THOMAS HUNT MORGAN Professor of Experimental Zoology, Columbia University, New York.

Middleton Goldsmith Lecture delivered before the New York Pathological Society on February 3, 1922.

PRESS OF THE NEW ERA PRINTING COMPANY LANCASTER, PA. 1922

SOME POSSIBLE BEARINGS OF GENETICS ON PATHOLOGY

THOMAS HUNT MORGAN, PROFESSOR EXPERIMENTAL ZOOLOGY, COLUMBIA UNIVERSITY.

It has been pointed out in derision that modern genetics deals, for the most part, with the inheritance of abnormalities and disorders of various kinds--albinos, brachydactyls, cretins, dwarfs, freaks, giants, hermaphrodites, imbeciles, Jukes, Kallikaks, lunatics, morons, polydactyls, runts, simpletons, twins, and Zeros: in a word, with pathological phenomena in a very broad sense. This statement, intended as a reflection on genetics, carries with it an implication that a study dealing with such material cannot be of first rate importance. Such condemnation will probably be received by pathologists with the kind of smile it deserves, and I feel that I am not likely to be called upon here to answer such an indictment. Nevertheless, I am going to ask your indulgence, for a moment, since this slightly malicious statement should not be allowed to pass unchallenged, both because it is inaccurate, and because, even were it true, the result of such work might still be of more importance than its critics seem to realize. The source of this criticism is not without significance. It comes almost always from those whose interests lie in the field of evolution--in the old-fashioned use of that word. Now the articles of all evolutionary platforms include a plank about heredity. This plank is for the most part an ancient article that has been worn pretty thin. It is difficult to replace it with the new wood of Mendelian genetics. Hence, I think, originates the criticism referred to.

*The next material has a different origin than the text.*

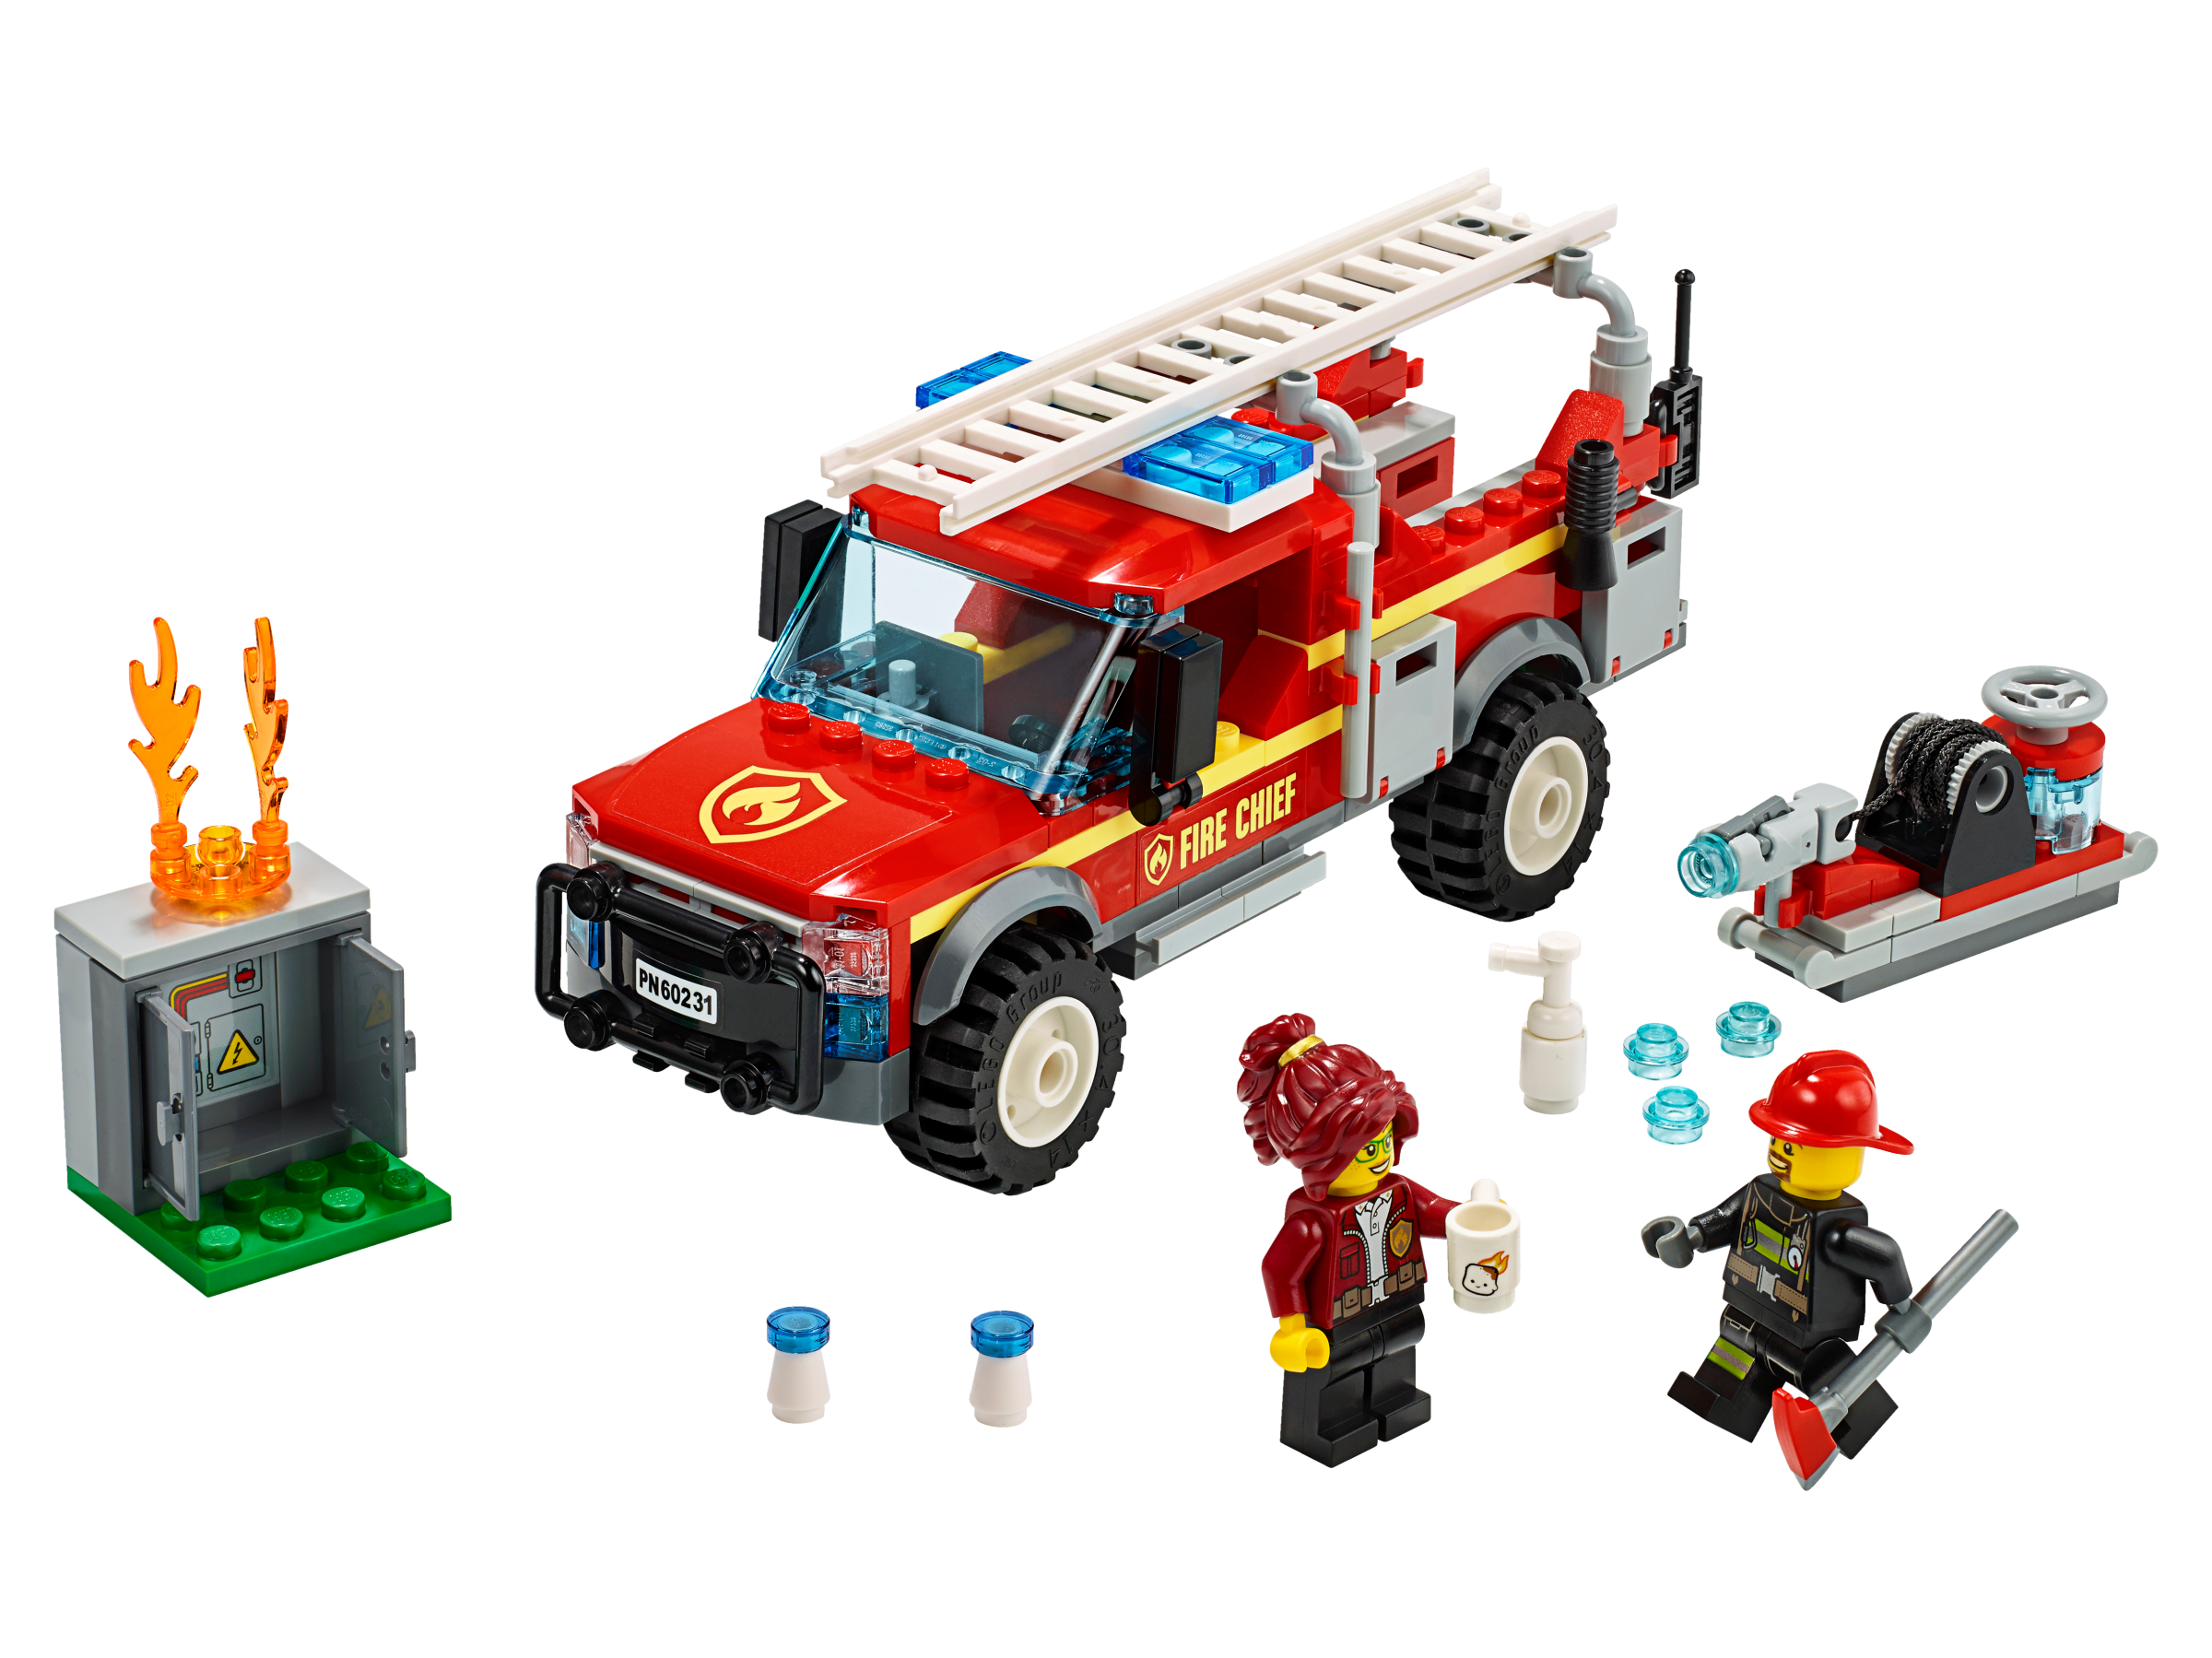 LEGO City - Camionul de interventie al comandantului pompierilor 60231
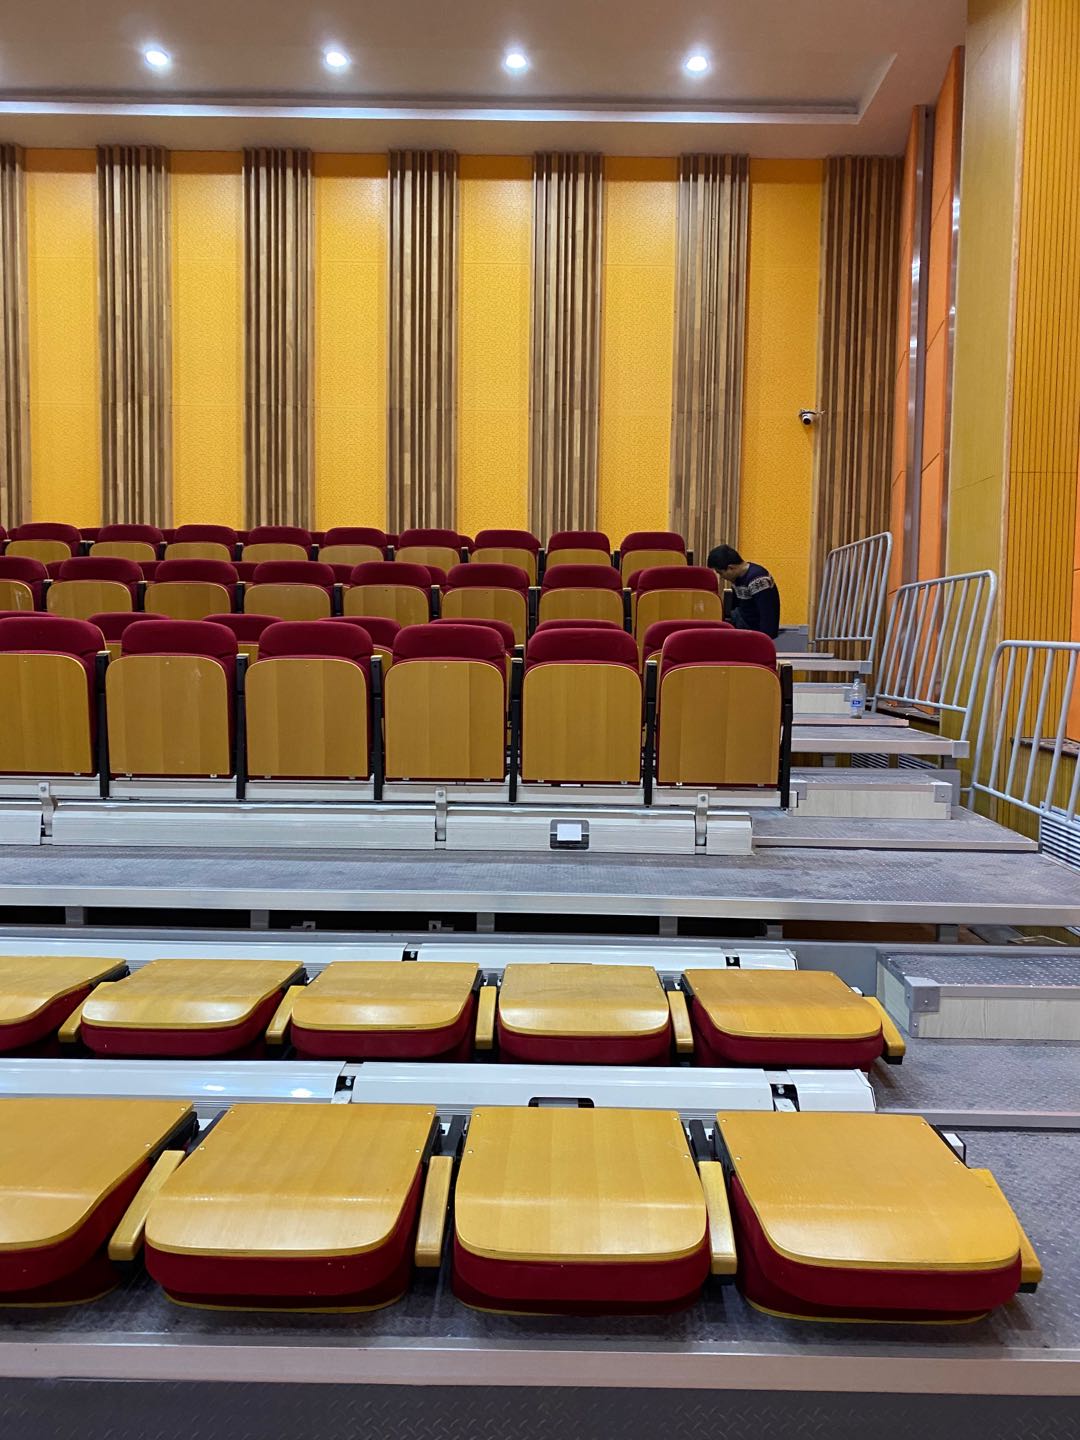 固定式观众席看台座椅 线条流畅 安全措施

It is true that the student of Mendelian heredity does not often trouble himself about the nature of the character that he studies. He is concerned rather with its mode of inheritance. But the geneticist knows that opposed to each defect-producing element in the germ-plasm there is a normal partner of that element which we call its allelomorph. We can not study the inheritance of one member of such a pair of genes without at the same time studying the other. Hence whatever we learn about those hereditary elements that stand for defects, we learn just as much about the behavior of the normal partners of those elements. In a word, heredity is not confined to a study of the shuffling of those genes that produce abnormal forms, but is equally concerned with what is going on when normal genes are redistributed. This method of pitting one gene against the other furnishes the only kind of information relating to heredity about which we have precise knowledge.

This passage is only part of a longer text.